/** \file
 * This file is used for the doxygen documentation.
 */

/**

\dir ga_tools

The ga_tools directory contains a toolkit for evolutionary algorithms. 
This includes evolutionary strategies like genetic algorithm or genetic programming.
The class \ref SingletonGenAlgAPI represents the API for the toolkitm which 
 you can use to access the package.
The class \ref SingletonGenEngine is the engine performing the genetic operations.
The class \ref IValue makes it possible to create all kinds of genes that are then handled automatically. This can be a number, a binary code, a program or a graphical primitive.
The class \ref IRandomStrategy is needed to create random individuals with your own gene types.
The class \ref IFitnessStrategy is designed to help you creating your own fitness strategy.
With these and other strategies is it possible to customize 
 and prepare the algorithm for your own needs.

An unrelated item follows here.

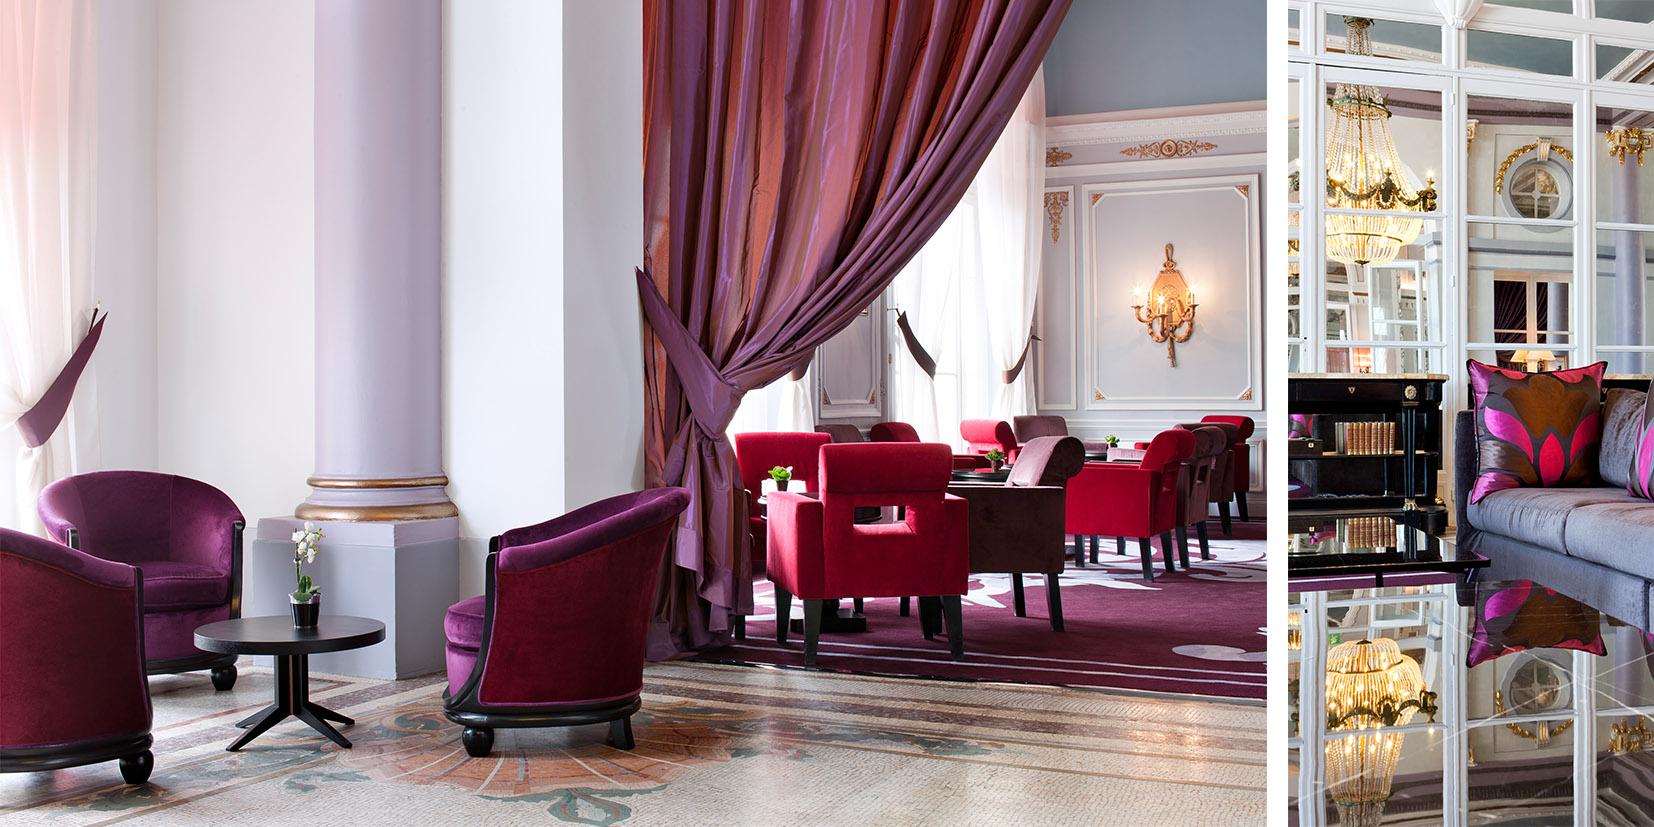 Grand Hôtel Cabourg

The following subdirectories are included:
 - \ref ga_tools/Values : The interface and one special implementation for the gene values. It contains the \ref IValue class.
 - \ref ga_tools/SelectionStrategies : The selection strategy interface and some implementations (tournament select, random select and elitism select).
 - \ref ga_tools/RandomStrategies : The random strategy interface and an implementation to create double values for the \ref IValue class implementation.
 - \ref ga_tools/MutationStrategies : The mutation strategy interface and some implementation. Here you can implement your own mutation for your own gene-values.
 - \ref ga_tools/MutationFactorStrategies : Only for the specified \ref ValueMutationStrategy, here you can make your own optimization for the value mutation.
 - \ref ga_tools/GenerationSizeStrategy : A strategy to change the size of the generation, for more information about this, look for selection force.
 - \ref ga_tools/FitnessStrategy : Contains a helper class for your own strategy, because if it growths to infinity, the algorithm needs a fitness strategy seek for zero. (unclear!)
 - \ref ga_tools/include : All header files. Do not modify this directory (automatically generated).
 - \ref ga_tools/simulation : Some example templates and simulations, which use the ga_tools package in combination with \ref ode_robots and \ref selforg.

\par Examples

The usage of this package is actually very easy even though it might look complicated  at the first glance. To begin with you have to check which classes you have to overload
 to implement your problem. This means which strategies must be changed. In the best case you only have to alter the fitness strategy. Then you write your own versions of this class like in template_cycled_GA_Simulation. Now you have to initiate the algorithm. For this you need some of the following information:
 - mutation probability in one/thousand (a low value of 3% - 5% is written as 30 or 50)
 - number of individual at start
 - number of children (must be greater or equal than the number of individual at start
 - number of generation
With this information you create and set the strategies. First the generation size strategy, then the selection strategy, then fitness, mutation and finally the random strategy. After this you have to create the prototypes of the genes and register them. That's all. Now you can work with the algorithm.
If you think this is a lot of work, then keep in mind that all the rest goes now very smoothly. You only have to call a create function to get the strategy and then apply it -- only two calls per strategy.

You can find out how to work with the algorithm and the initialization 
 by considering one of the simulations in the ga_tools folder e.g.

 - template_cycled_GA_Simulation/main.cpp
 A simple example for the usage of the restart function for ga_tools inside the ode_robots simulation.
 See also \ref ode_robots

 - template_tasked_GA_Simulation/main.cpp
 An example for the usage of the tasked simulation with ga_tools for a scalable set of simulation on many CPU's.
 So the ga_tool can simulate every individual in one separate thread!

 - robot_chain_tasked_GA_Simulation/main.cpp
 A simple example which calculate the neuron values for the robot chain with the template_tasked_GA_Simulation.